We contacted the NAJC and said, "We're prepared to have some discussions with you. Not negotiations, all we're gonna have are discussions." Art Miki and Roy Miki and Roger Obata and others' response was, "We're not interested in discussions. We want negotiations. We want to negotiate redress with you people." I went back to the minister and said, "They don't want discussions, they want negotiations." He went to the Prime Minister's office and said, "They don't want discussions, they want negotiations." The response was, "Hold the discussions. You can call 'em negotiations, but they're not negotiations, they're discussions." There was a limited appetite, even in the Mulroney government, for full-blown negotiations. Partly because you had a group of people there who were basically unfamiliar with the issue. There was Mulroney who had some knowledge, some interest, some concern.

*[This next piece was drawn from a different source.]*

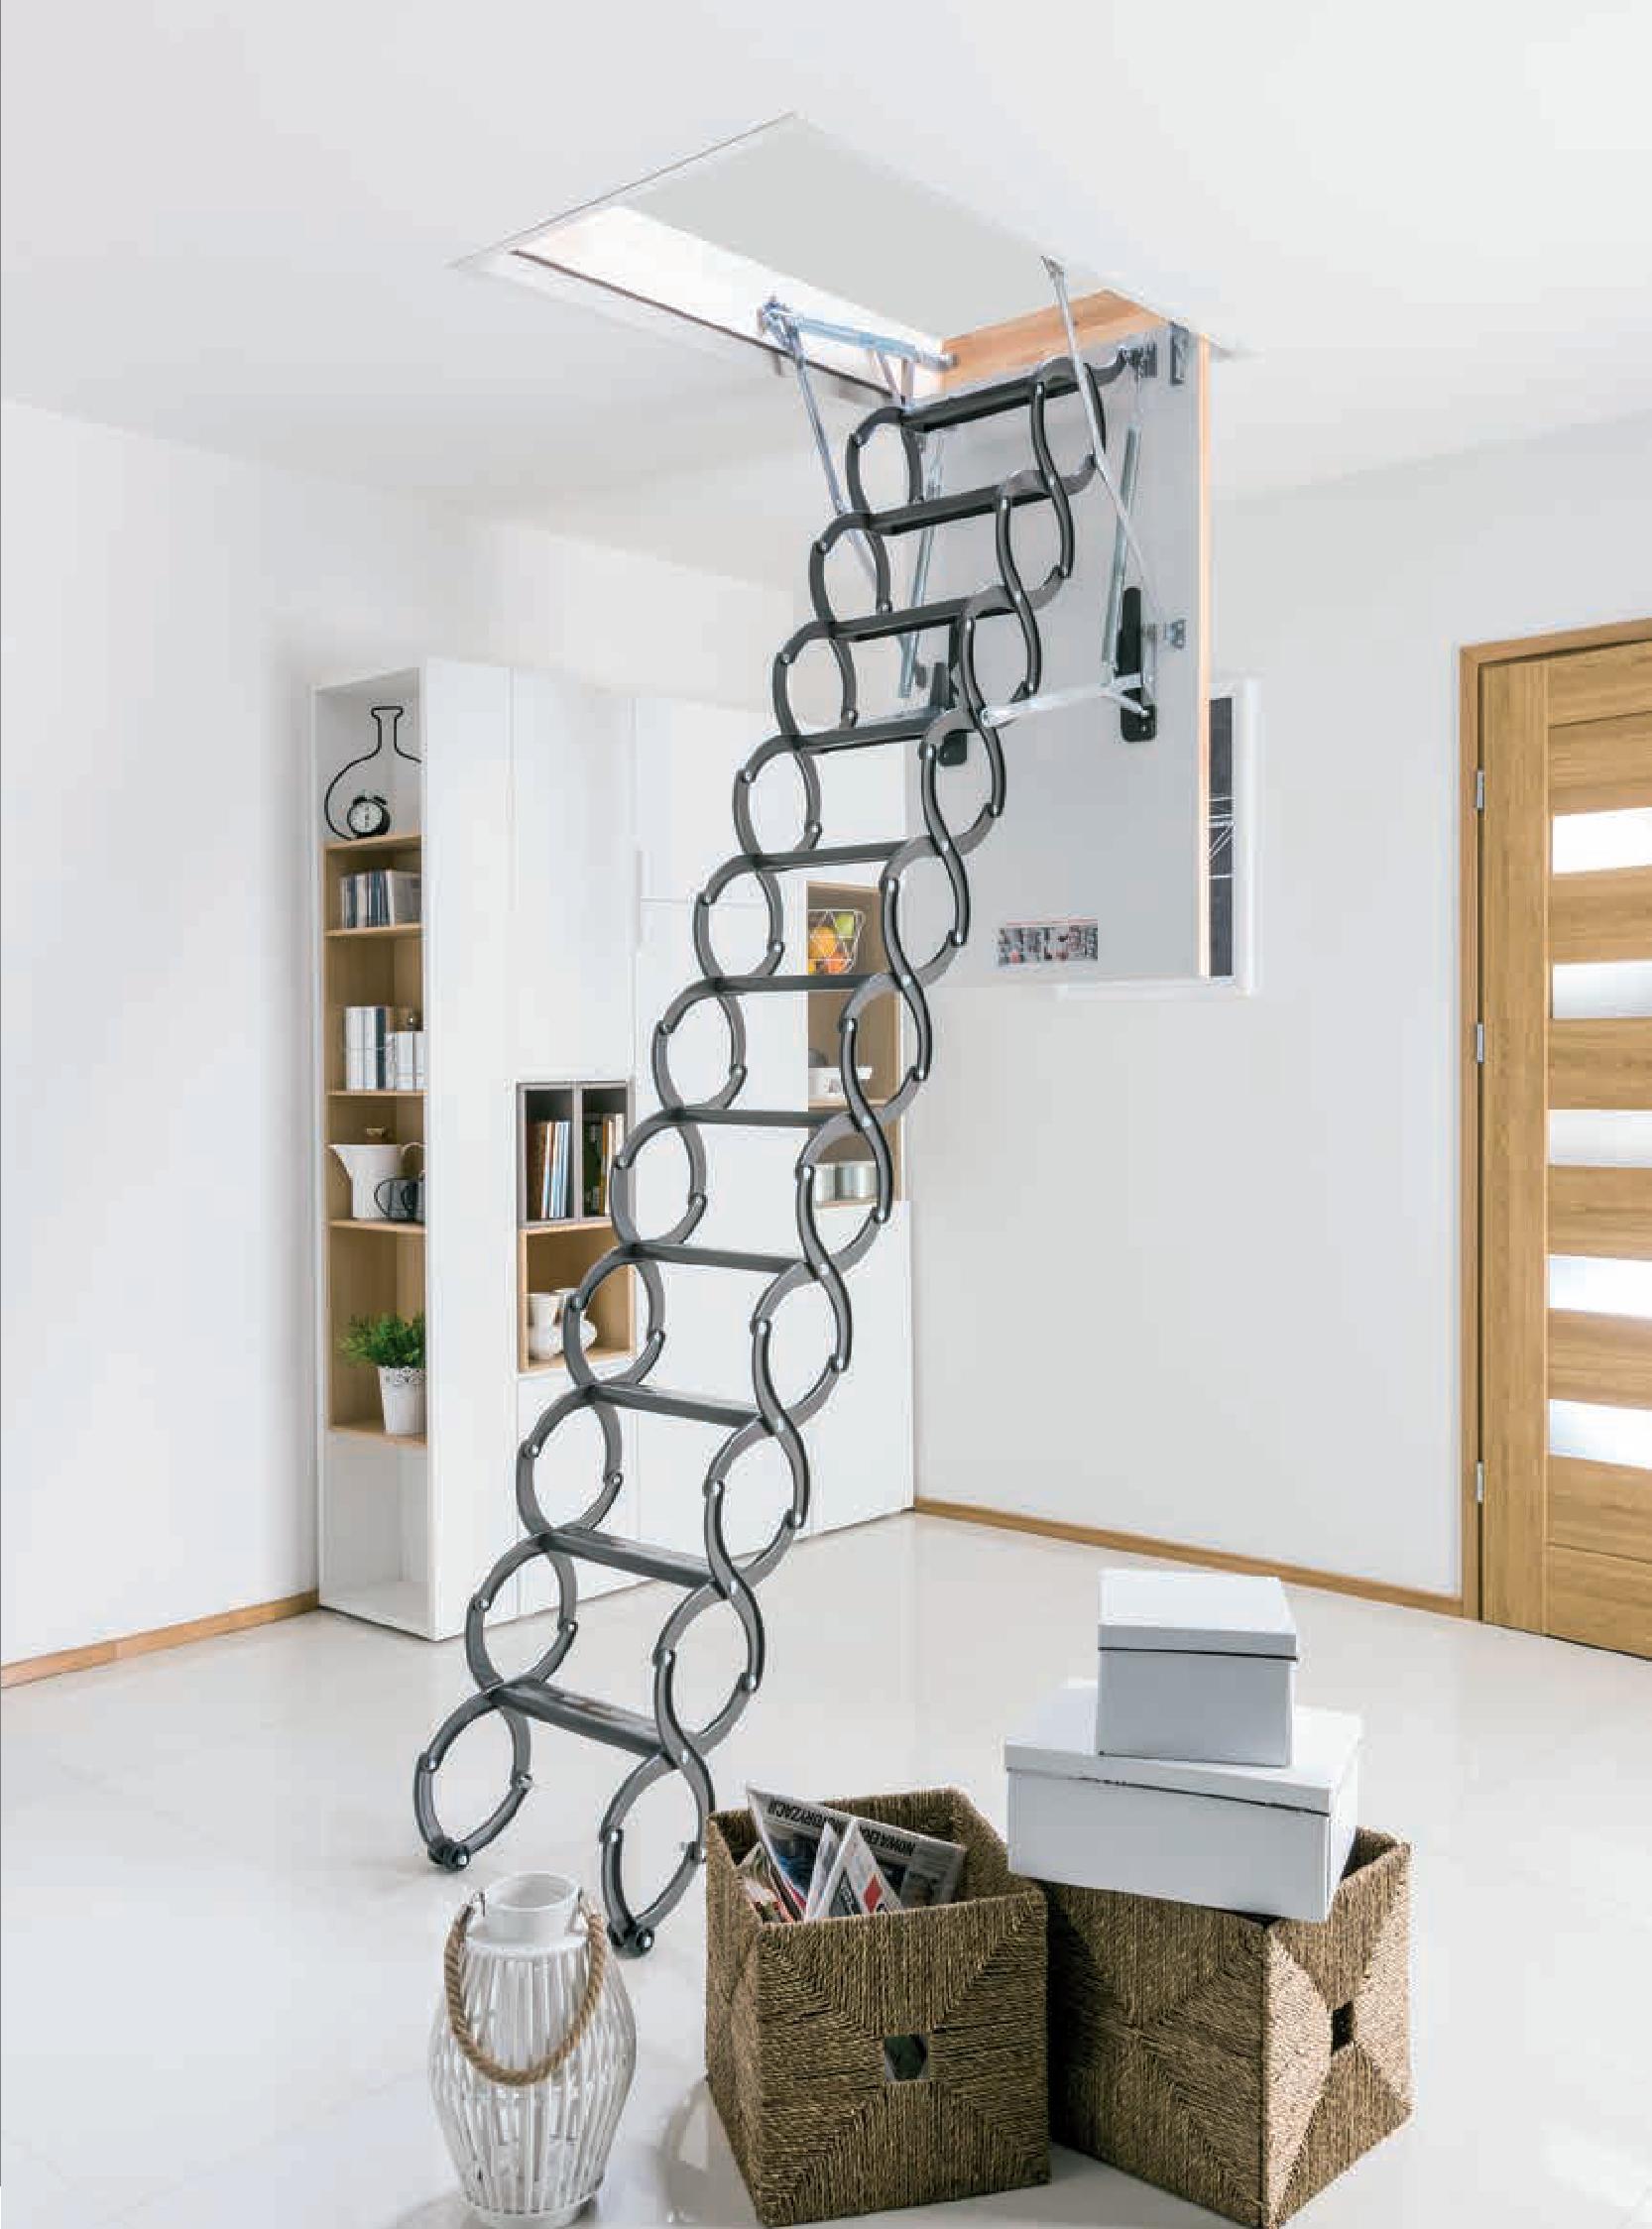 Fakro Scissors Loft Ladder Attic Stairs Loft Ladder Attic Ladder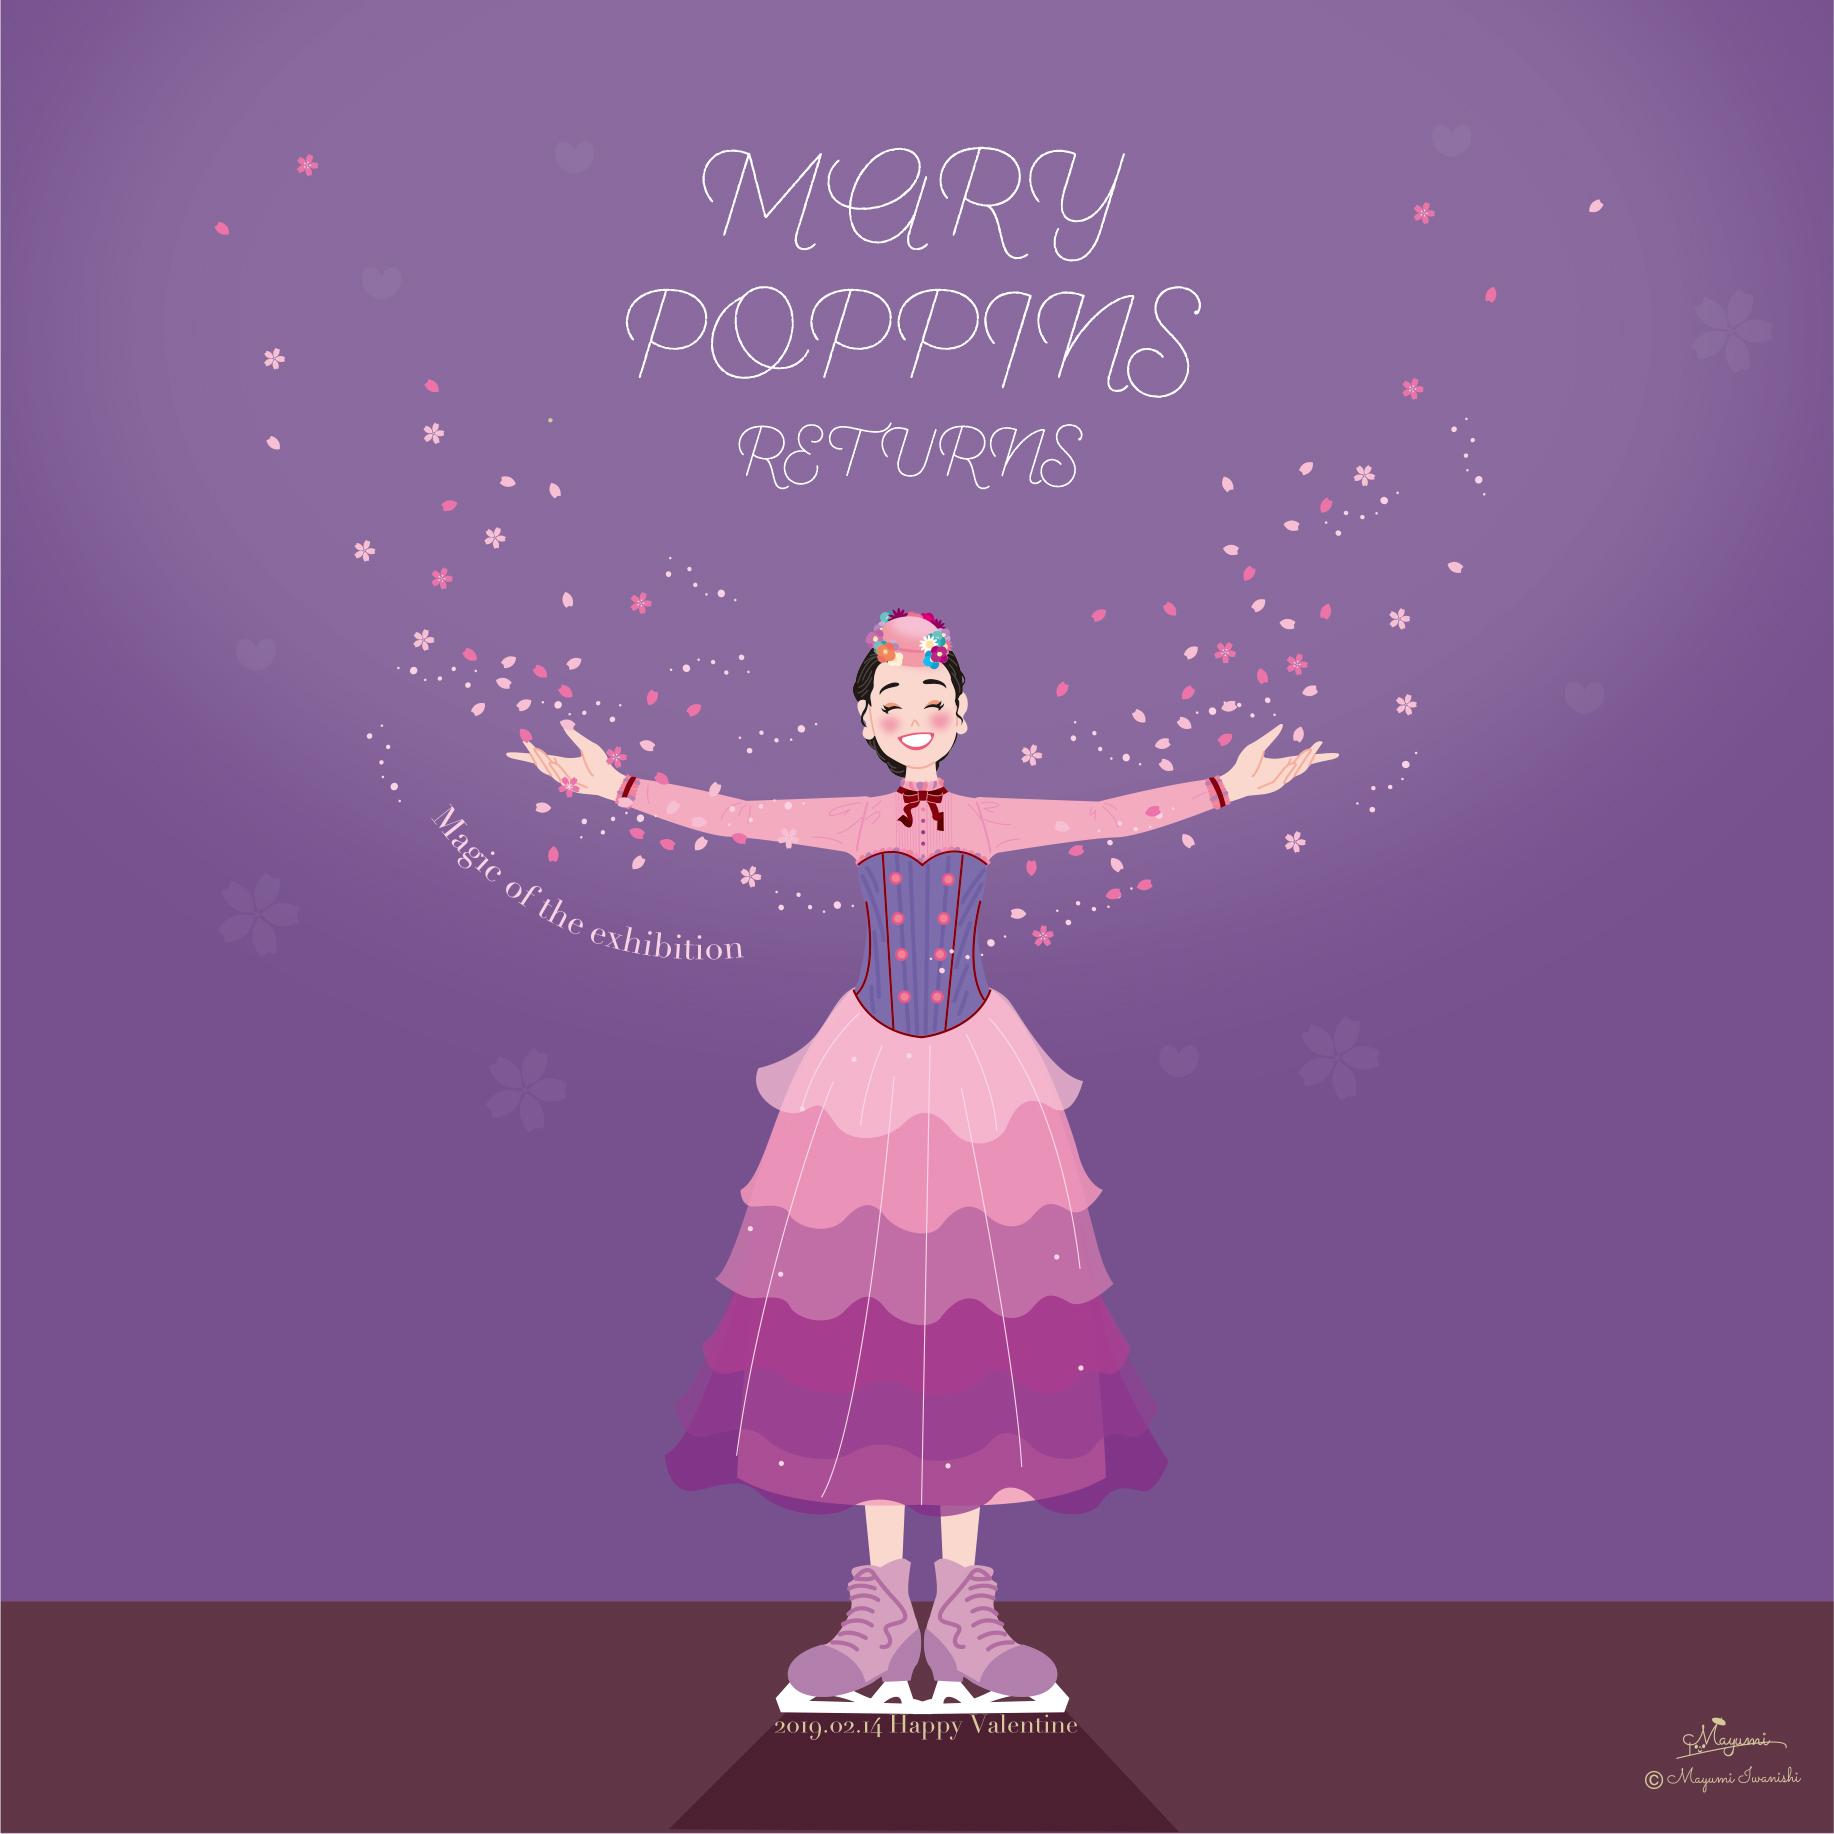 MARY POPPINS RETURNS~魔法のエキシビション~

Most people in cabinet, no interest, and probably significant opposition. There was a man in the Prime Minister's office, an academic from York University in Toronto, Charles McMillan, who I think was the one who ultimately persuaded Mulroney to be more open-minded on the whole issue. I don't know much about McMillan other than that he was a distinguished professor of business in, at York, and was highly regarded in the business community and highly regarded within the conservative hierarchy. But I think he's the one that really was the one that really persuaded Mulroney to be more open and be prepared to go further on this.